A parameter of this algorithm is $l$, the number of vertices to be kept from the original subgraph. After fixing this, we can generate a new subgraph:

In [187]:
l = 4  # Number of vertices to be kept in the GBS-tweak algorithm

new_subgraph = gbs_tweak(subgraph, l)

print("Original subgraph:", subgraph)
print("New subgraph:", new_subgraph)

Original subgraph: Graph with 8 nodes and 18 edges
New subgraph: Graph with 8 nodes and 21 edges


Now, we can implement a simple simulated annealing optimization for finding $k$-dense subgraphs.

In [None]:
initial_temperature = 100  # Initial temperature for simulated annealing
alpha = 0.85  # Parameter for geometric cooling
ITER = 100  # Number of iterations

subgraph = generate_dense_subgraph(MAIN_GRAPH, k)

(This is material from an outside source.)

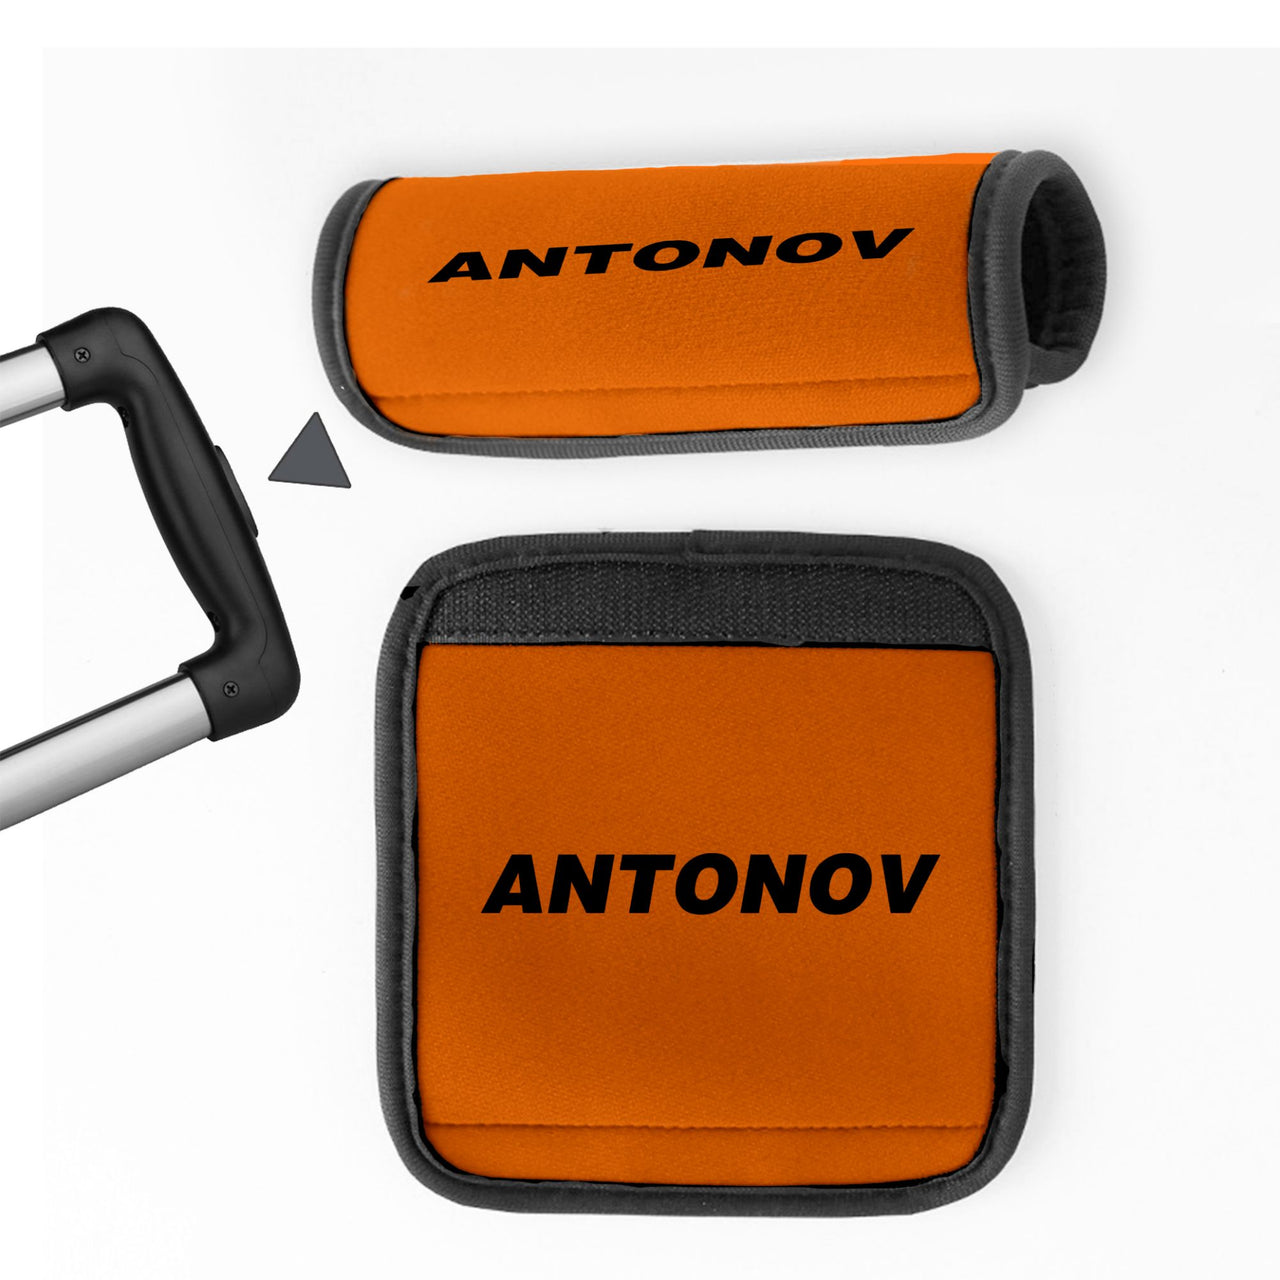 Antonov & Text Designed Neoprene Luggage Handle Covers
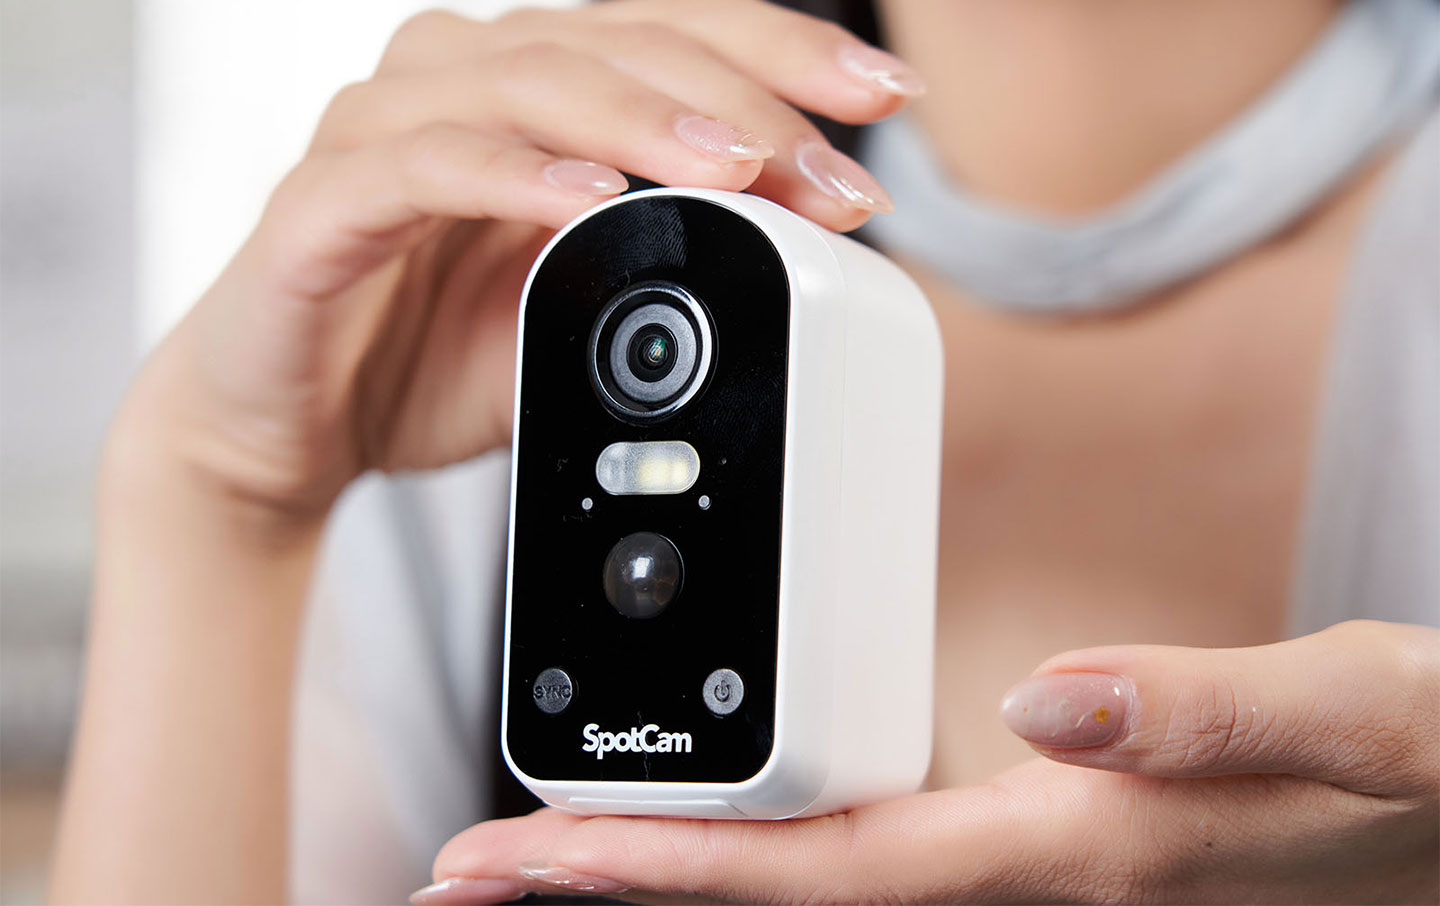 SpotCam Solo Pro 面為全黑配，可看到鏡、補光燈、動態偵測器、電源鍵與同鍵。

best_subgraph_so_far = subgraph
best_density_so_far = nx.density(subgraph)

T = initial_temperature

for i in range(ITER):
    density = nx.density(subgraph)
    print(f"{i}. density={density}")
    new_subgraph = gbs_tweak(subgraph, l)  # Tweak the previous subgraph
    new_density = nx.density(new_subgraph)

    if new_density > density:
        # If the new density is higher, accept the new subgraph
        subgraph = new_subgraph
    else:
        # Otherwise, calculate an temperature-dependent acceptance probability
        probability = np.exp((new_density - density) / T)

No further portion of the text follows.